7th Circuit Stock-Drop Rulings Seen as Helping Employers

January 31, 2011 (PLANSPONSOR.com) – A federal appellate court recently issued two rulings in stock-drop cases that a law firm client alert said are important for potential employer defendants.

The Seyfarth Shaw memo said the stock-drop rulings by the 7th U.S. Circuit Court of Appeals “severely undermine plaintiffs’ ability to challenge fiduciary decisions related to 401(k) plans on a class-wide basis.”

According to the memo, in Howell v. Motorola, Inc. (Case No. 07-3837) and Lingis v. Dorazil (Case No. 09-2796), the court concluded that the Employment Retirement Income Security Act (ERISA) safe harbor shielded fiduciaries from claims that the defendants failed to disclose sufficient information about an allegedly bad business transaction and that certain defendants failed to monitor the conduct of fiduciaries they had appointed. The court also determined that the fiduciaries did not violate ERISA’s duty of prudence by including the Motorola Stock Fund as an investment option in the 401(k) plan, because Motorola stock never performed so poorly as to make it an imprudent investment option.

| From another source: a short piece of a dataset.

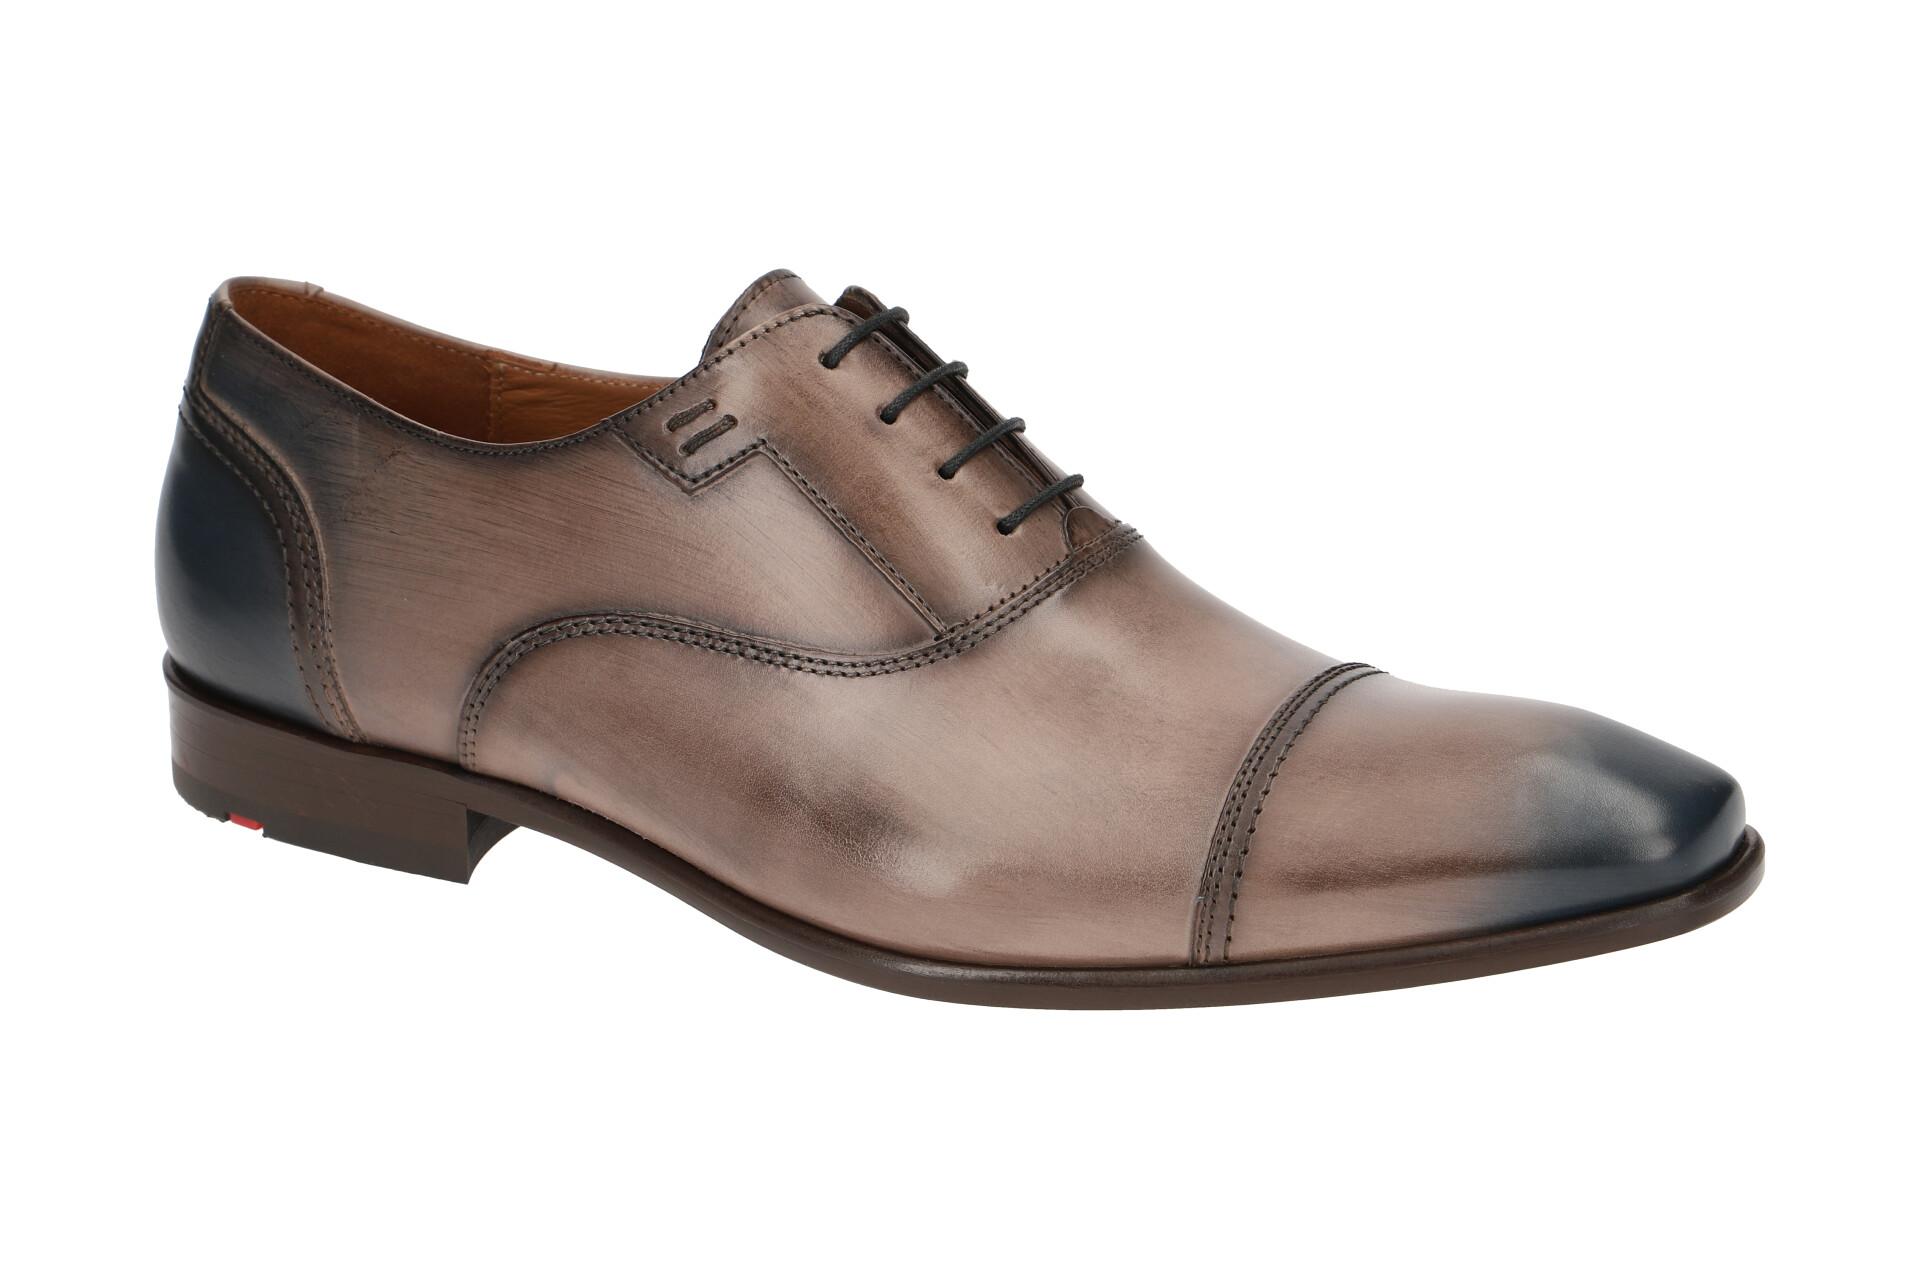 wholesale dealer 50dc9 52852 Details zu LLOYD Schuhe LEEDS grau Herrenschuhe elegante Halbschuhe  19-154-02 NEU

The court found that Section 404(c) safe harbor was a defense to plaintiffs’ nondisclosure and monitoring claims. The court rejected plaintiffs’ arguments that the safe harbor did not apply because the plan had provided insufficient information, concluding instead that the plan provided detailed disclosures about the risk associated with investments and the defendants never intentionally misled participants. According to the court, “there is no support for the view that Plan fiduciaries were required to provide all information about Motorola’s business decisions in real time to Plan participants.”

The Court concluded that the 404(c) safe harbor applied to the failure to monitor claim with equal force. And even if the 404(c) safe harbor did not apply to the failure to monitor claim, the Court rejected the plaintiffs’ suggested standard for monitoring, which seemingly would require “every appointing Board member to review all business decisions of Plan administrators.”